Statistical analysis with R


Statistical analysis with R

NOTE: same tutorial as in the repository ORCRI –>(Online Ressources for Crime Reporting and Investigation).

Credits: notes from the course Introduction à la statistique avec R, Paris Saclay

Statistics beginners course

  • Review some notions: https://www.khanacademy.org/math/statistics-probability/analyzing-categorical-data

Books

  • RStudio : https://rstudio-education.github.io/hopr/starting.html
  • R and data sciences: https://r4ds.had.co.nz/

Data

  • For this tutorial here

Fancy

  • R Markdown to produce beautiful reports: https://shiny.rstudio.com/articles/rmarkdown.html

Download and installation (Ubuntu 20)

Download and install the last release of R from the official website : https://cran.r-project.org/

There is a apt for it:

sudo apt install r-base

There also a links for precompiled binary versions, available for Windows, Mac and Linux.

Rstudio

As Rstudio for Ubuntu 20 isn’t available, download the one for Ubuntu18 Jessie.

dpkg -i rstudio-1.3.1073-amd64.deb

You might need to run another command to fix dependancies issues.

sudo apt --fix-broken install

Launch R interpreter, run Rstudio

Start Rstudio from the launchpad of Ubuntu

or/and

$R runs the R interpreter in your terminal

If you need a graphic interface, dl Rstudio https://rstudio.com/products/rstudio/download/

Run RStudio

First install packages you’ll need to draw plots:

    Tools -> Install Packages... ->  and select package you want to install in the dialog box; here "gplots"

Starting key points

  • In addition to the visual interface, you can launch instructions directly in the R interpretor (the console) and see the output (crucial for errors)
  • Graphs are generated in another window.
  • R scripts have the extention .r
  • you hit a script by running the instruction source()
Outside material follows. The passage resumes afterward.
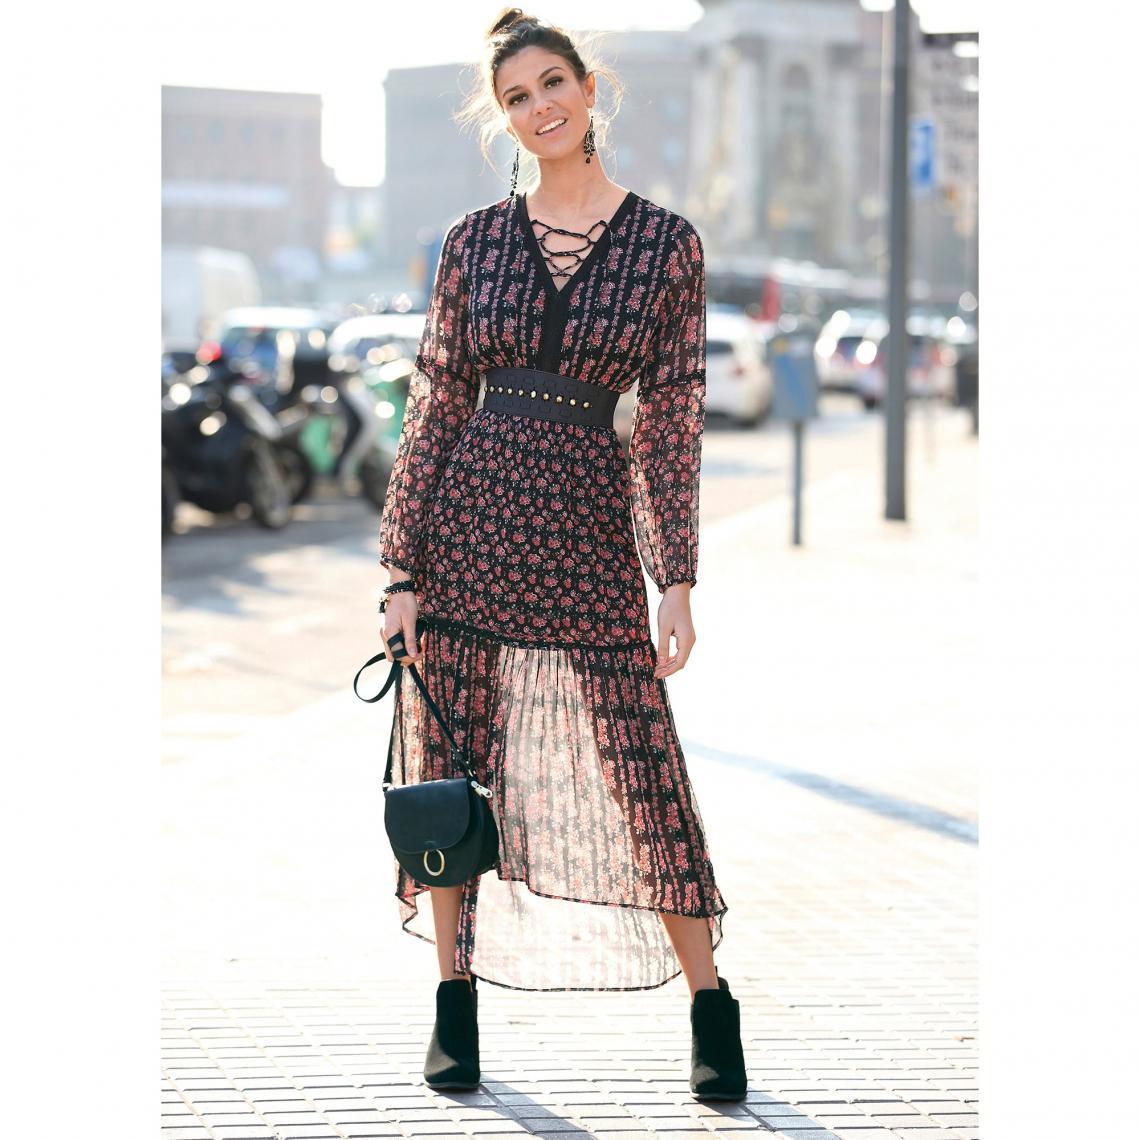 Promo : Robe longue asymétrique imprimée manches longues et dentelle - Imprimé Noir - 3 SUISSES - Modalova

  • You call the help menu by running the instruction help().

Variables

  • variables names are Case-senSitiVe
  • Missing value is encoded such as NA
  • mode() display the variable type numeric or character and lenght() the number of item in the variable
  • factor() and levels() are helps to qualify a variable: factor() for what qualitative value of the variable, labels= for labelling the variable

to keep in mind : Variable = (element1, element2, element2, element3,…) it’s like supervariable= [] and a lot of things inthere.

Load data

tips: Cat your file before to see what is the separator used in your data set. For example with a .csv file a “,” or a “;” as separator differs the input syntax: read.csv for “,” and read.csv2 for “;”

   > smp.c <-read.csv2[file path] 
   # smp here is the file in which I lead a set of data with "<-" and the .c method and read from a file.

So with our data: > smp.c <-read.csv2(“data/smp1.csv”)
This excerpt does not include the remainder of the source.